Final models were re-run with 0·8–< 1·0 g/kg aBW/d of protein intake as referent, or with protein in g/kg BW/d (hence with non-adjusted BW), or with percentage of total energy from protein (%), or with protein intake per MJ of energy (online Supplementary Table 6), or further adjusted for BMI (time-dependent), or weight (time-dependent), or inputting the missing values for multimorbidity and cognitive status (if these were available at an adjacent observation of the same participant), or excluding each of the cohorts from the analysis (online Supplementary Fig. 3), or using cohort-specific z-scores of grip strength (not sex-specific), but none of these substantially changed the results. For example, participants with protein intake < 0·8, 1·0–< 1·2 and ≥ 1·2 g/kg aBW/d had similar rates of grip strength decline than those with 0·8–< 1·0 g/kg aBW/d (β = –0·001, 95 % CI –0·010, 0·007; β = –0·009, 95 % CI –0·020, 0·002; β = –0·004, 95 % CI –0·014, 0·005 sd per year, respectively). However, it is worth noting that, although not significant, the sensitivity analysis excluding HABC from the fully adjusted model resulted in the change of direction of the estimates for protein intake (not rate of decline) (online Supplementary Fig. 3).

Interaction between protein intake and physical activity

We found no clear interaction between protein intake and PA (all possible interactions P > 0·05, e.g. protein intake ≥ 1·2 g/kg aBW/d × high PA, β: –0·013, 95 % CI –0·113, 0·059). We also stratified the fully adjusted models by PA (low, medium and high) and found no strong evidence of protein intake being associated with grip strength in any PA category (Fig. 2). However, there was trend for higher protein intake to be associated with faster decline in grip strength within participants with low PA but not within medium or high PA (e.g. time × ≥ 1·2 g/kg aBW/d v. time × < 0·8 g/kg aBW/d protein intake; β = –0·020, 95 % CI –0·041, –0·003 sd per year).

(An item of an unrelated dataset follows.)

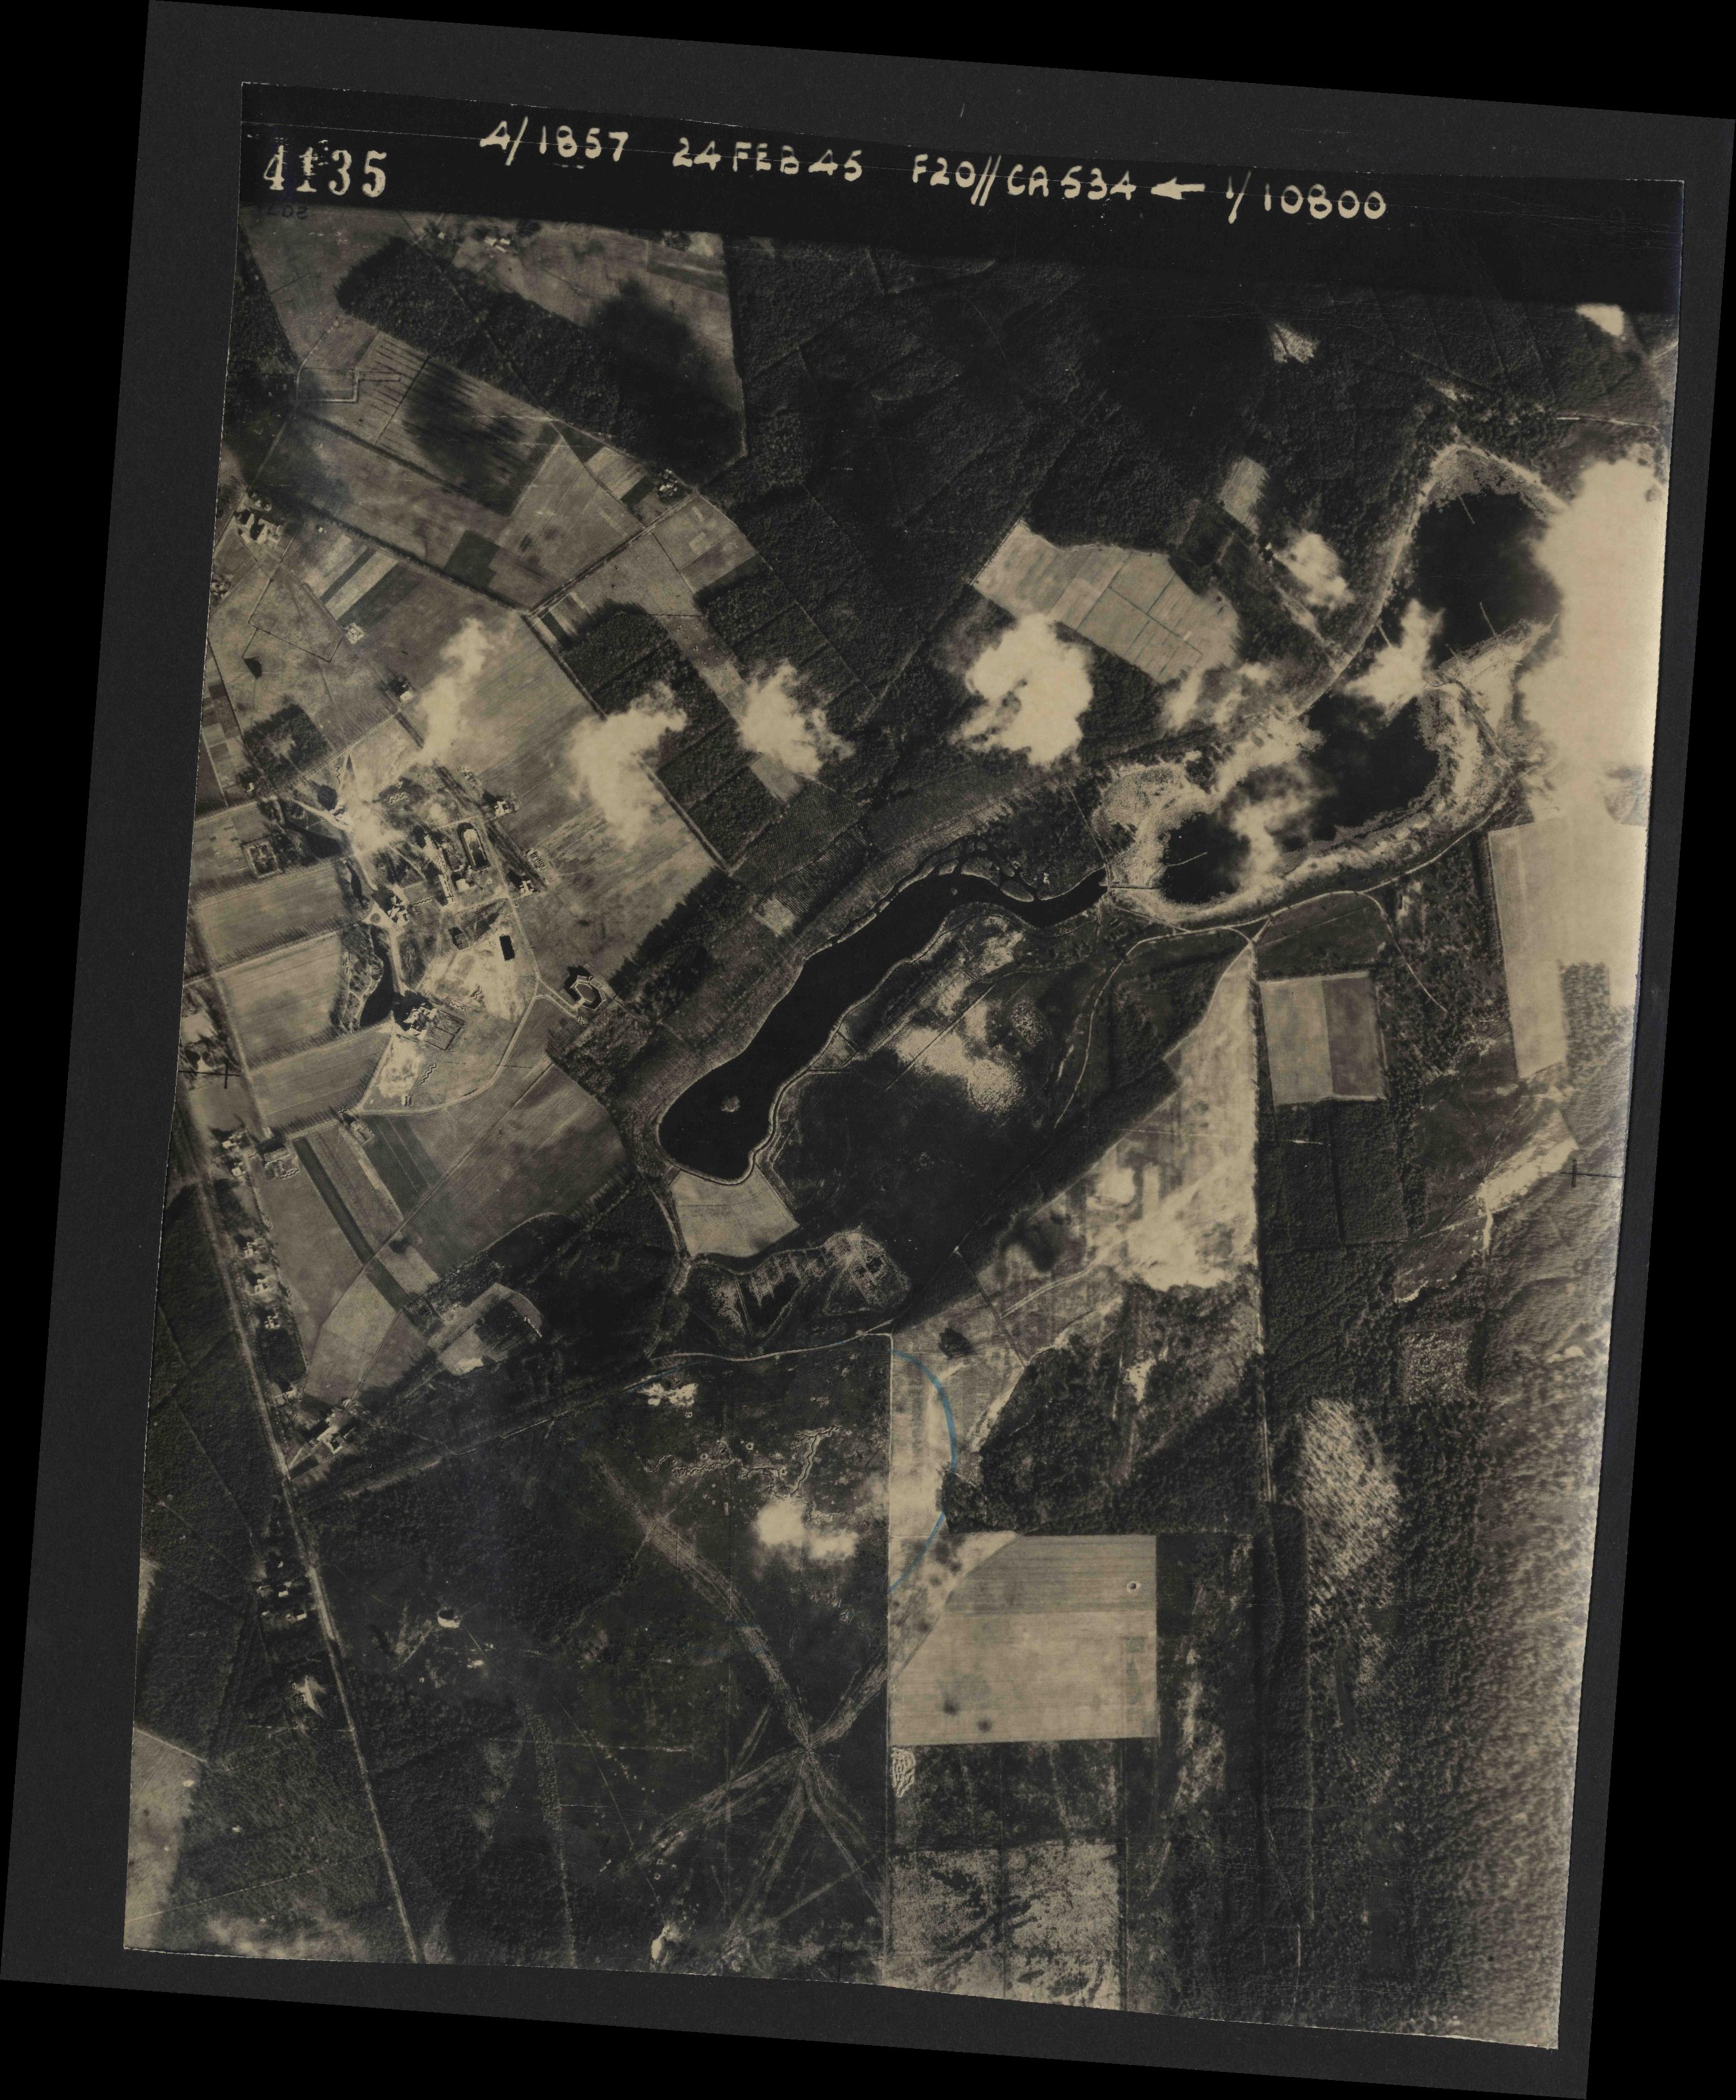 Collection RAF aerial photos 1940-1945 - flight 073, run 01, photo 4135

Fig. 2. Association between protein intake (g/kg aBW/d) at baseline and grip strength (sex- and cohort-specific z-score) over time by physical activity category. The models are adjusted for sex, age, education, height, smoking, energy and alcohol intake, cognition, multimorbidity and stratified by physical activity (PA) category at baseline (lower PA: n 5583 person-years; medium PA: n 6411 person-years; higher PA: n 6702 person-years). Results are presented as β coefficients and 95 % CI in the x-axis and the terms of interest in the y-axis. g/kg aBW/d, grams of protein per kilogram of adjusted body weight per d; ref, referent.

Discussion

We found no associations in this study between protein intake measured at baseline (expressed as g/kg aBW/d) and grip strength and rate of decline of grip strength over a maximum follow-up of 8·5 years in community-dwelling older adults. Following from this, we also did not find evidence of an interaction between protein intake and PA in this pooled analysis of individual participant data from four longitudinal ageing cohorts.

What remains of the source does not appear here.